Bahar Behbahani’s Ispahan Flowers Only Once has multiple aspects; the project consists of a long-format video alongside the building of a community garden in New York City. The video delves into Behbahani’s relationship with the scholar Donald Wilber, who was an expert in Persian gardens and a spy who secretly orchestrated the 1953 CIA coup of Mohammad Mossadeq in Iran.

“I travelled the Persian Gardens series from Thomas Erben gallery in New York to the Hood Museum in Dartmouth College, and further to Shanghai and Moscow, among other places across the world,” Behbahani told Observer via email. “These engaging experiences have inspired and urged me to think and create a plan to impact a wider audience in a public platform—a fundamental search for a sense of place.”

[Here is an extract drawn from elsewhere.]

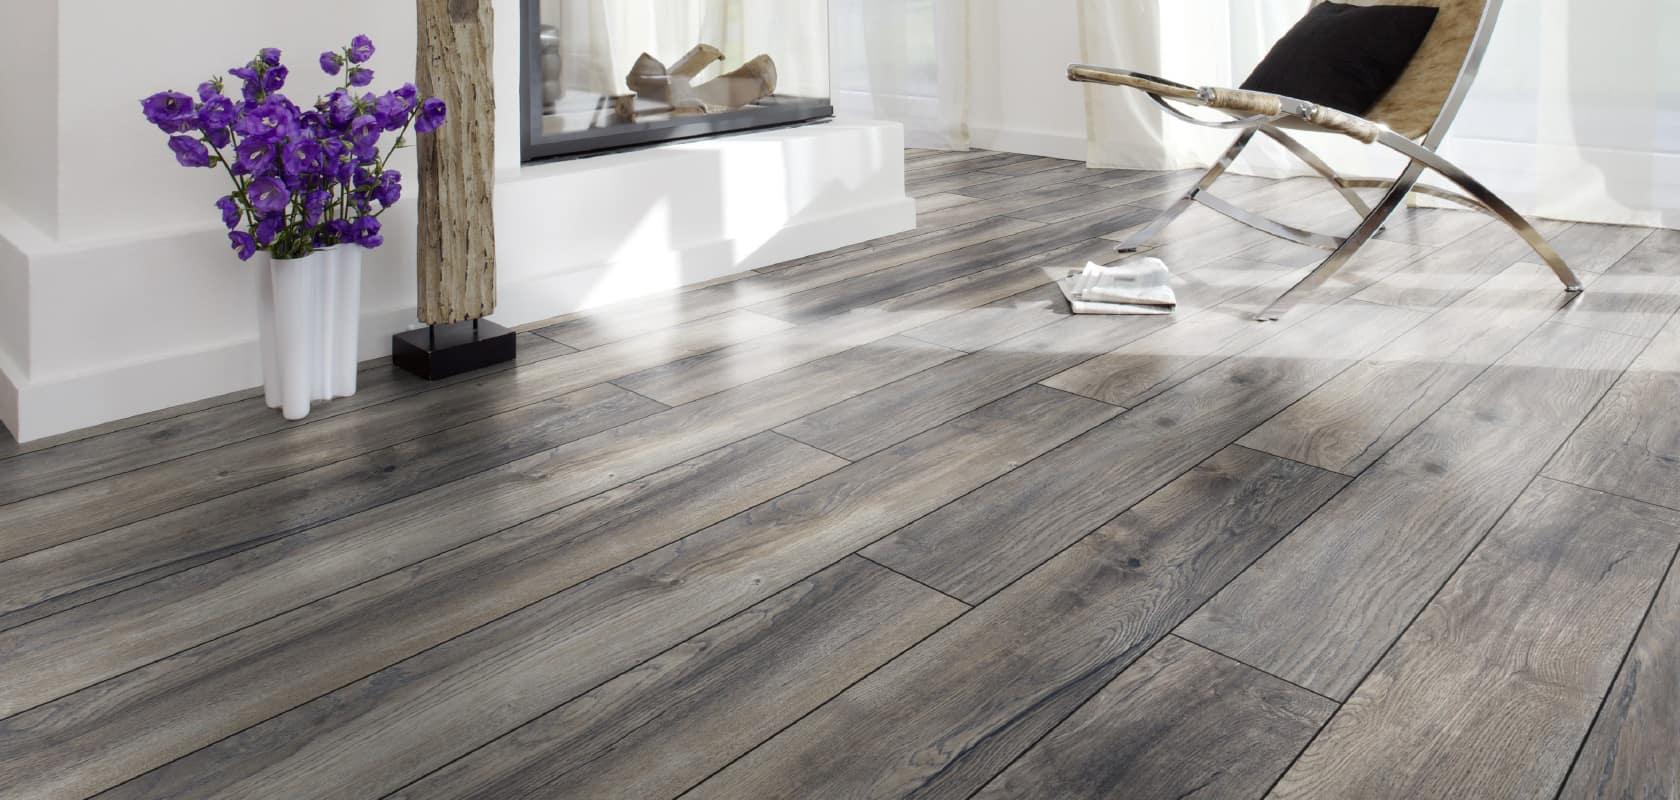 blog - los mejores consejos de 2021 para mantener limpios y pulidos sus pisos de madera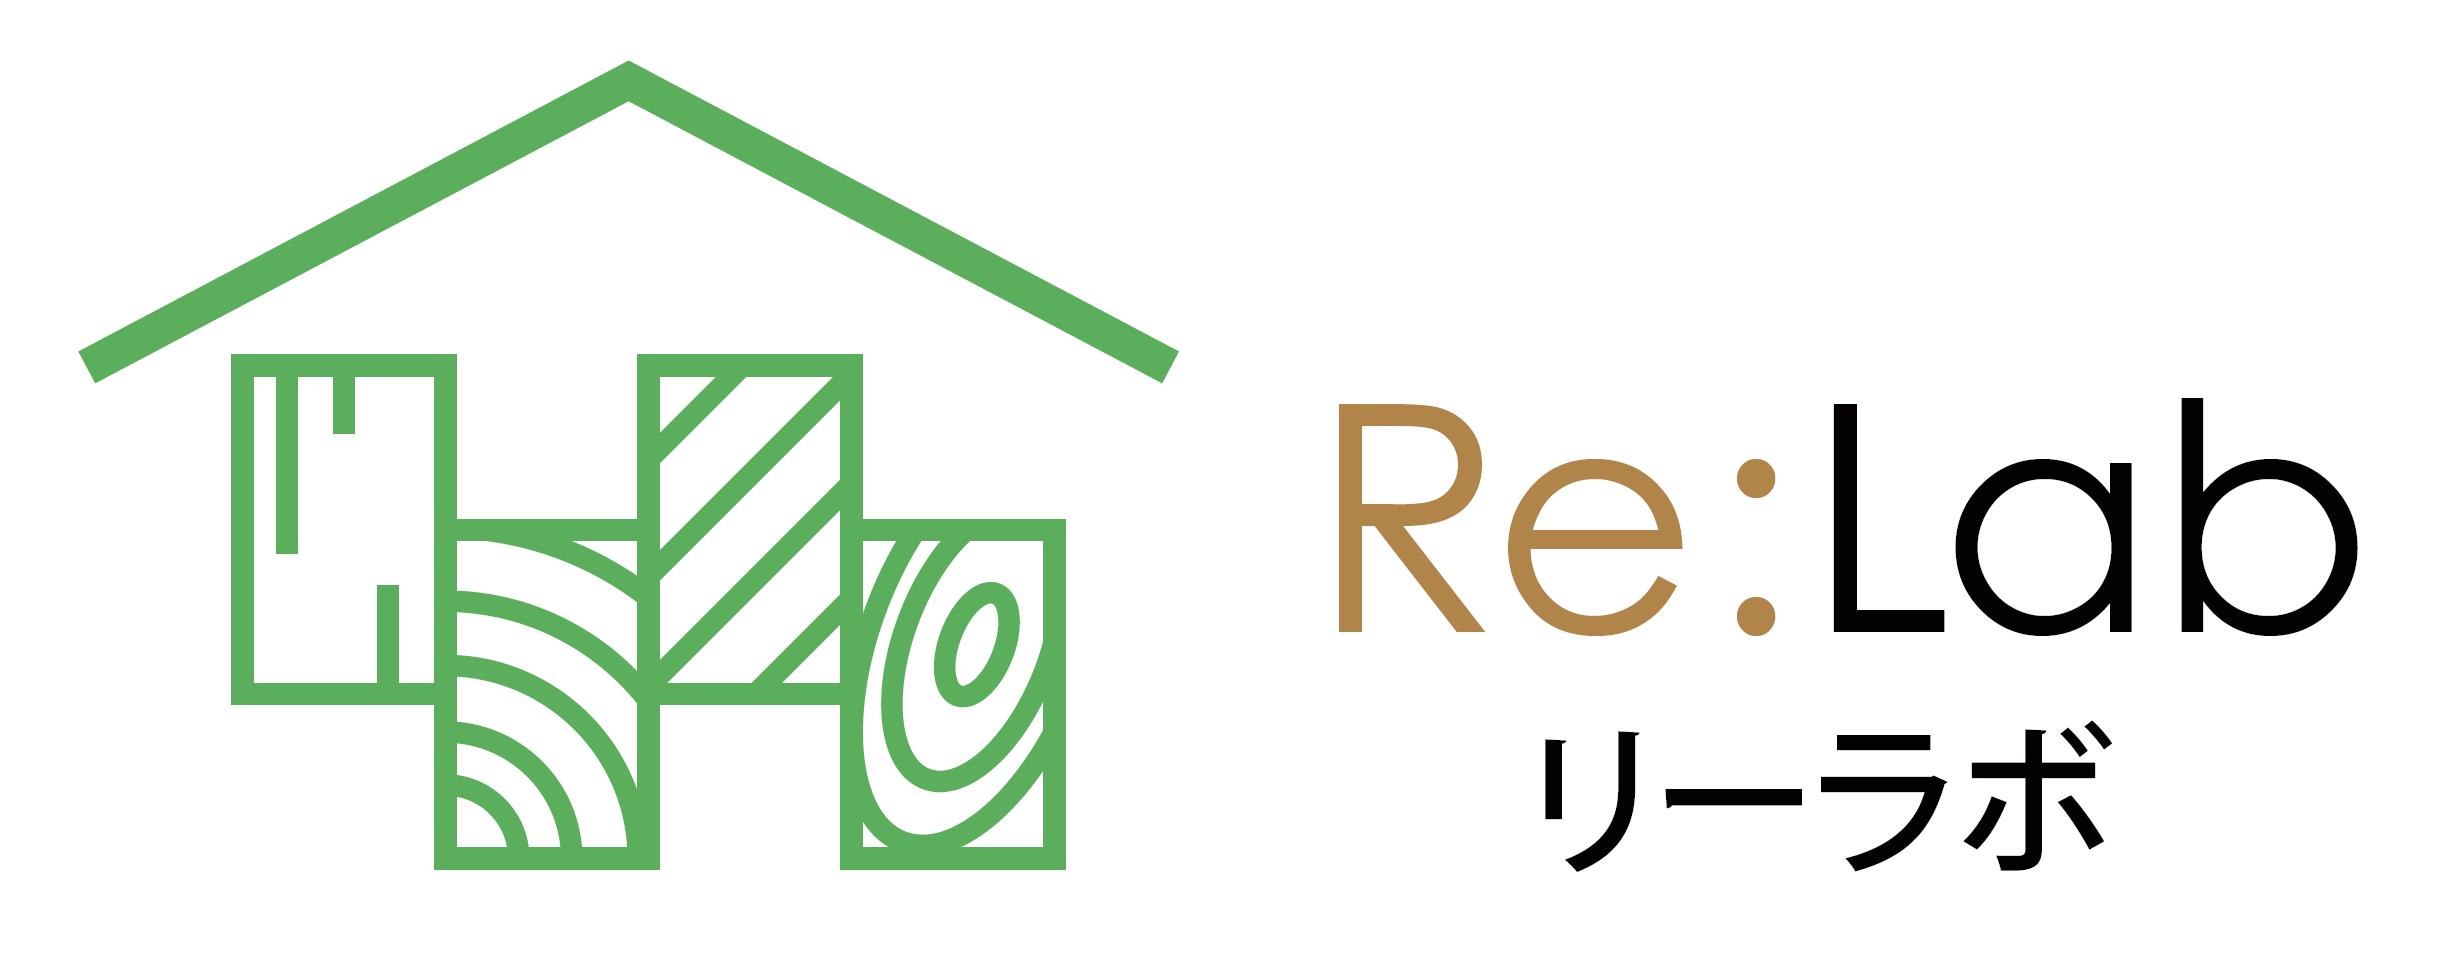 リーラボ-Re:lab-

Niv Acosta and his collaborator Fannie Sosa’s Brooklyn-based Black Power Naps is an exhibition that provides a space for rest and recalibration in defiance of historical conditioning. “The idea of sleep is haunted by deadly fictions—racist stigmas passed on from the days of slavery, when falling asleep during the day was a heavily punished act,” Acosta and Sosa wrote for Broadly.

Parachute Kids, an essayistic first-person film, explores filmmaker S. Leo Chiang’s separation from his parents at the age of 15, when he and his siblings were sent to America while his parents remained in Taiwan, as well as the long aftermath of that wrenching familial riff.

Alison O’Daniel’s The Tuba Thieves, which is composed of film installations, sculptures and performances, prioritizes the experience of those who are deaf or hard of hearing in its story, which centers around a deaf drummer and his interactions with kids in a marching band.

“For mid-­career artists like me, Creative Capital can help make the difference between whether we keep making art or give up,” performance artist Sheryl Oring told New York magazine in 2006. With its current group of awardees, the organization is telegraphing that the people it wants to throw its weight behind, and whose voices it wants to amplify, look nothing like the old guard of years past.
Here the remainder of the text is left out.